> _Required action_: Only the lines from the one containing "Safety collar and" to the end of the data below belong in the answer, each repeated exactly; no pictures.

Supplied information: Begin

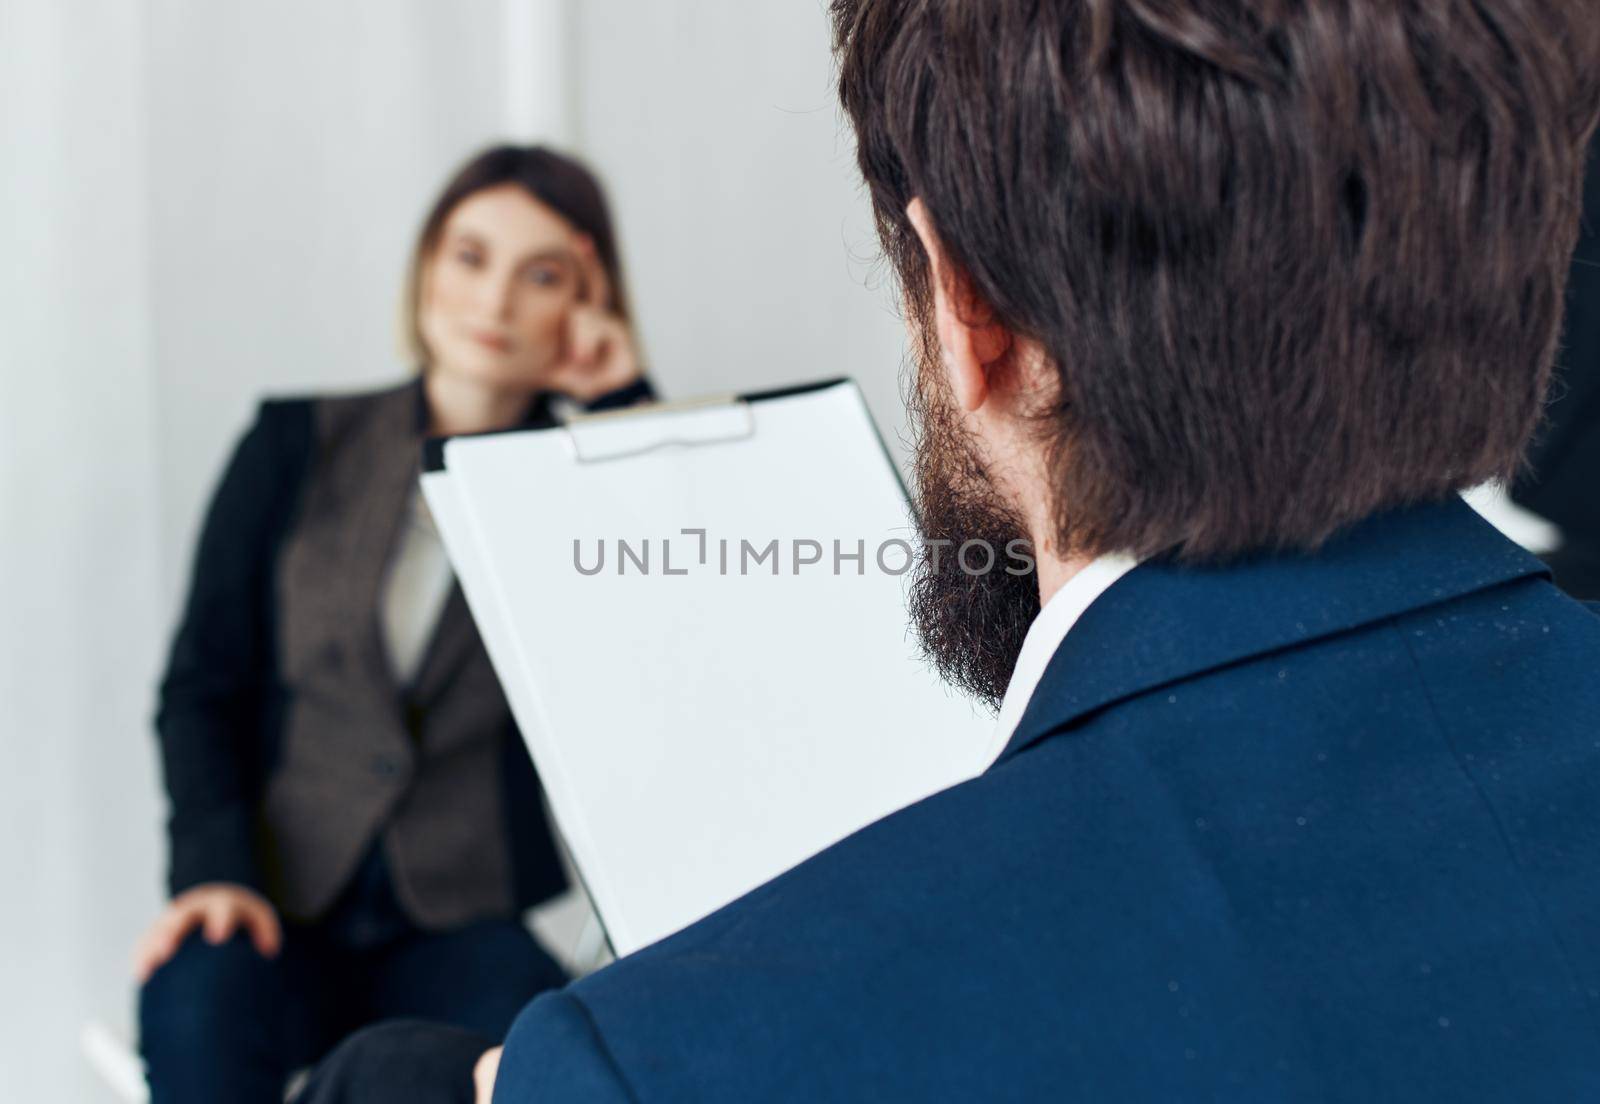 Business man communicates with a woman in a suit, staff vacancies resume by SHOTPRIME
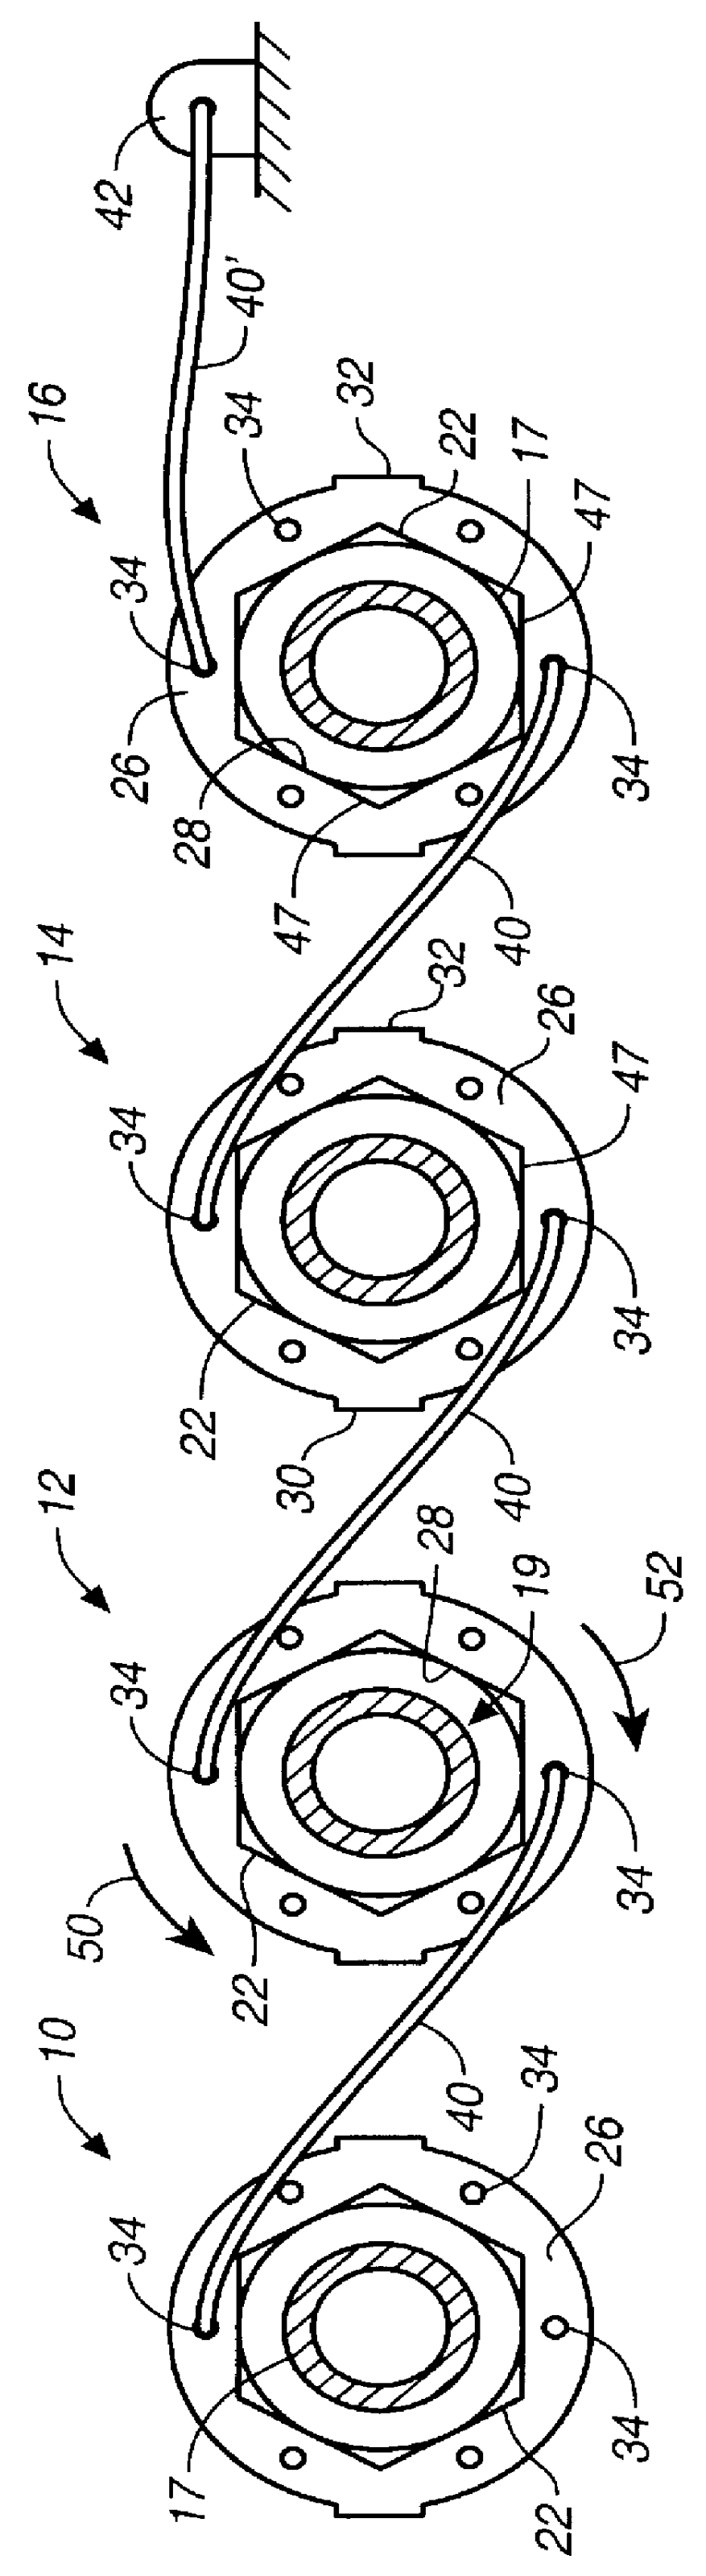 Safety collar and tendon assembly for threaded connections
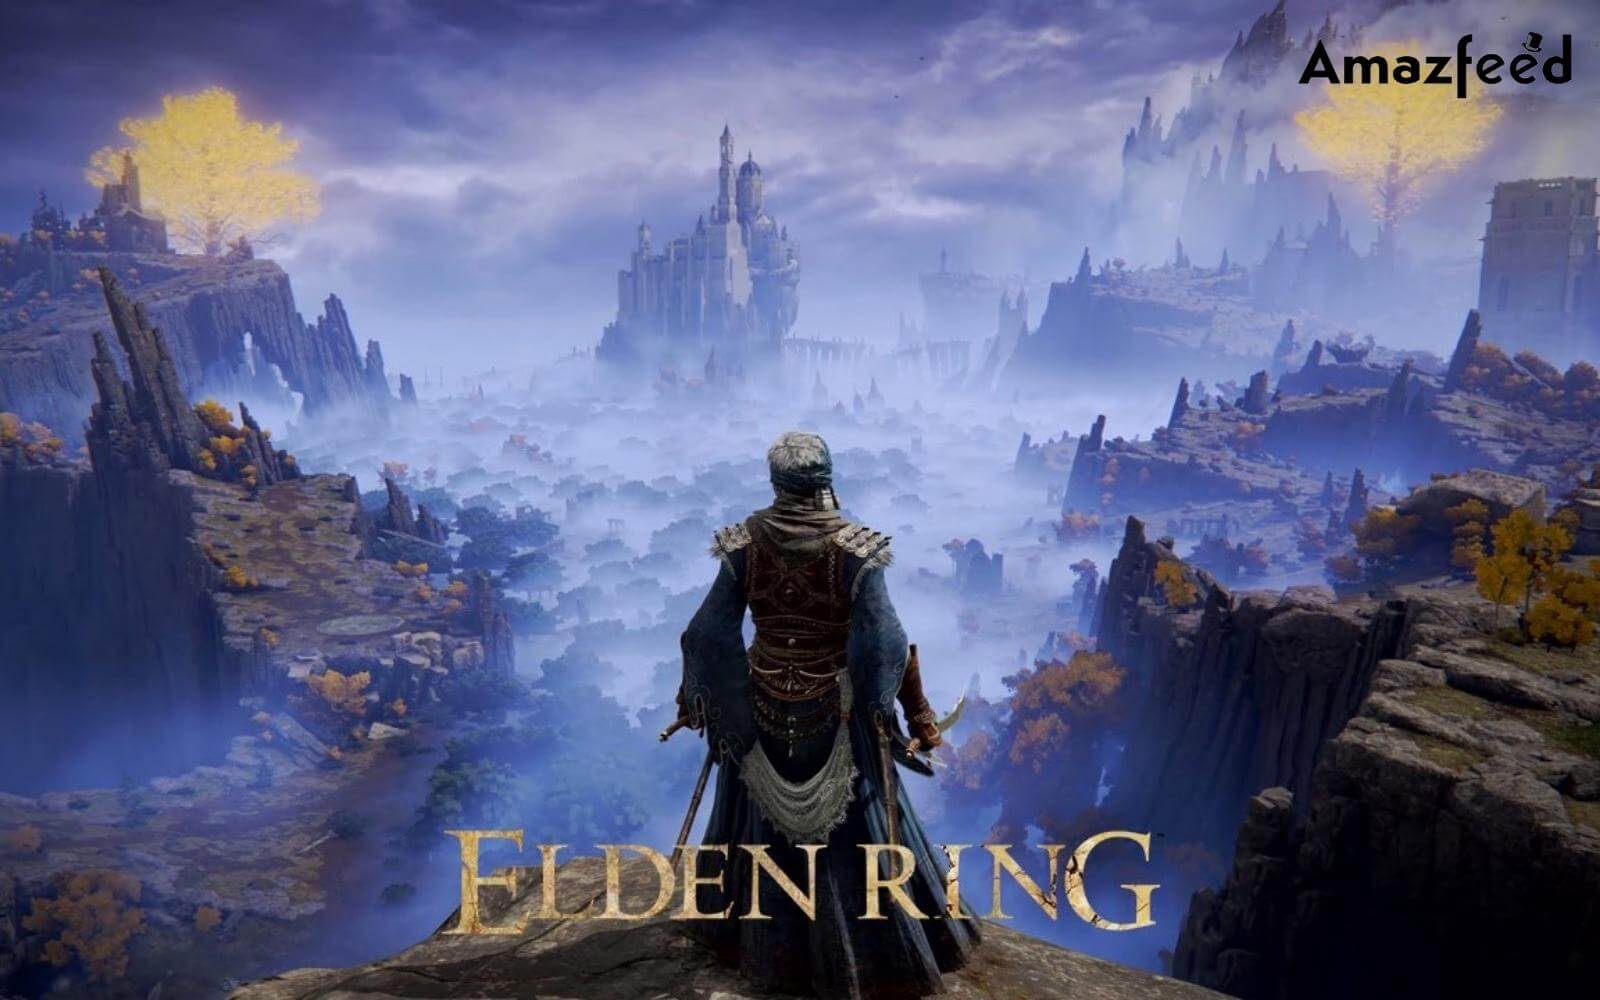 Find Maliketh - The Black Blade in Elden Ring | How to defeat Maliketh

Supplied information: End

> _Response for this exercise_:
 Safety collar and tendon assembly for threaded connections
 Find Maliketh - The Black Blade in Elden Ring | How to defeat Maliketh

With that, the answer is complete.